The all-Type-C hub is certainly possible, and eventually will dominate. Examples of "Hybrid-A-A-C-C = >C cable" hubs do exists.
The main problem here is in additional cost of Type-C port. Also, the purely C hub is largely useless these days, since the number of devices with Type-C connectors is still miserable on the market.
The Type-C port must have the polarity-detection mode, lane muxing, and full VBUS power control, because the VBUS switching (must be always OFF when no cable is attached) is mandatory, in contrast with the regular USB, where "ganged" wiring of VBUS is allowed.

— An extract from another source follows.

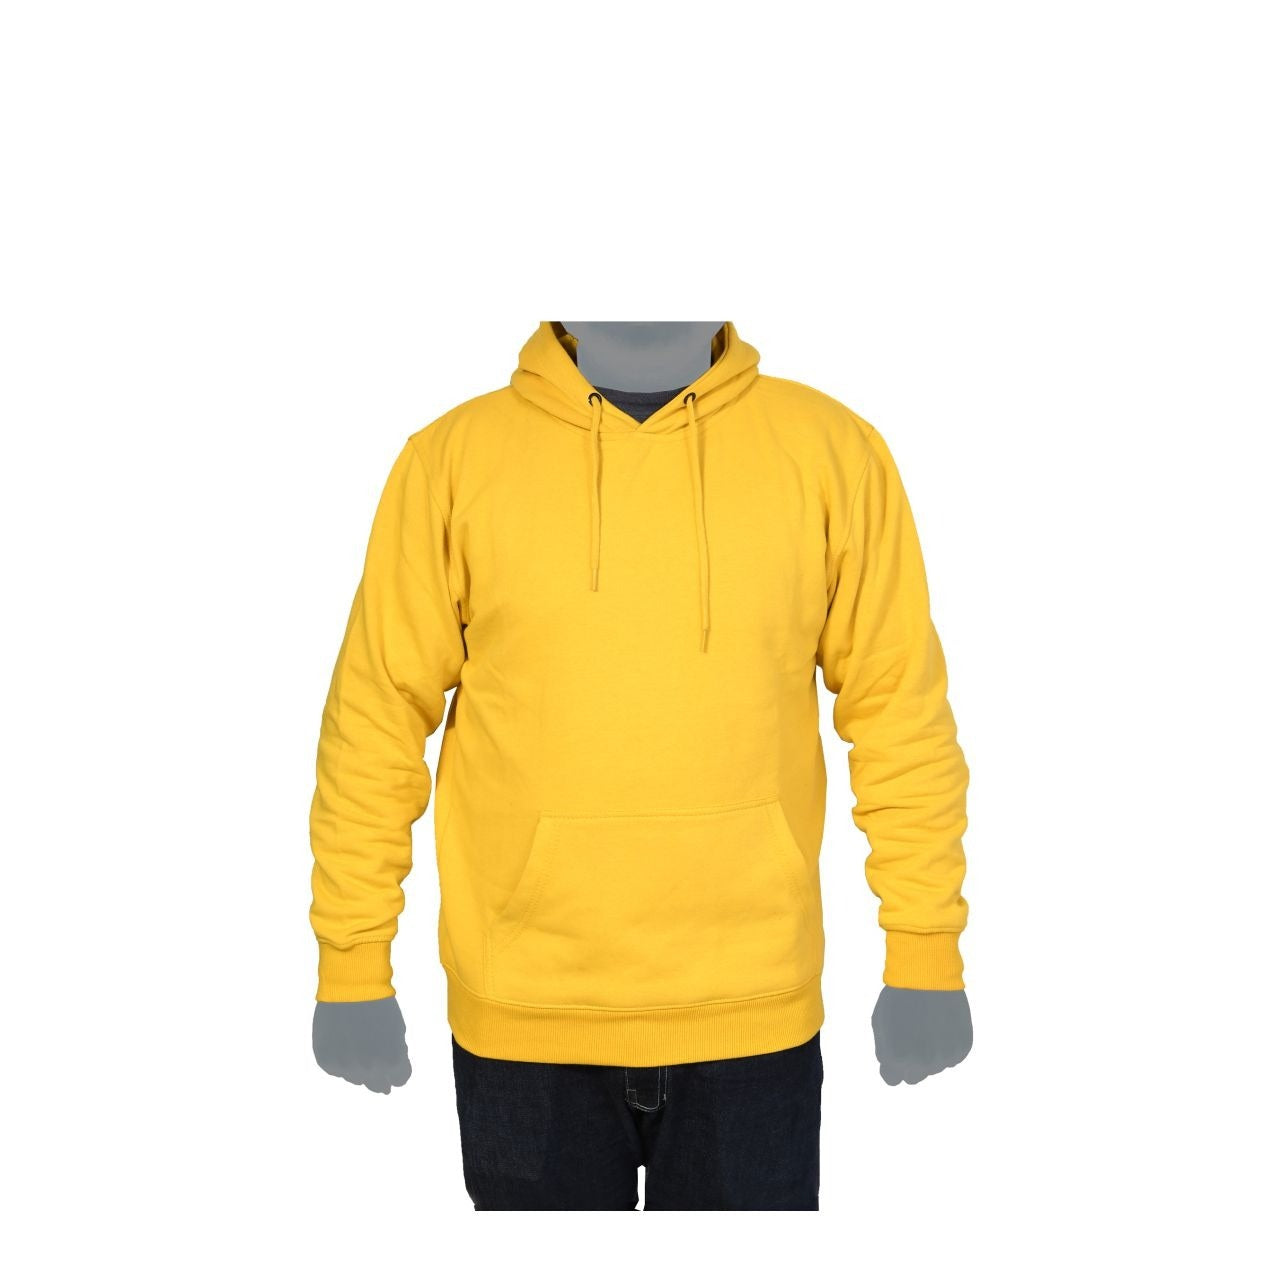 Yellow Fleece Hoodies Sweatshirt

Even in classic USB the hubs who implement full power control on VBUS are selling in $40-$50 range.
Until design houses as GL, VIA, TI, or Microchip came up with hub ICs that natively support the lane muxing, CC detect/handshake, and VBUS control, the C-C-only hubs will be expensive to make, and therefore harder to find. Enhanced Power Delivery increases the cost dramatically. But I guess this all is a matter of time.
Bi-directional hubs are not possible in principle, the USB was designed as host-centric architecture with star topology, where hubs are expanders of the preconceived topology. Hubs are not a set of wires or switches/muxes, they cannot "interrupt" any OTG negotiations. A USB hub is a pretty sophisticated communication processor, which has a local and independent port control management, with deep elasticity buffers, with re-timing and re-sampling of data flows between upstream port and downstream ports. But they can't route anything from one downstream port to anther downstream port "across" the hub.
Theoretically, however, it is possible to design a device (SoC) that would have multiple OTG/DRP ports, where the CPU would provide any type of cross-communication, but this will be a new type of USB device, "super-hub", or "super-dock", or something.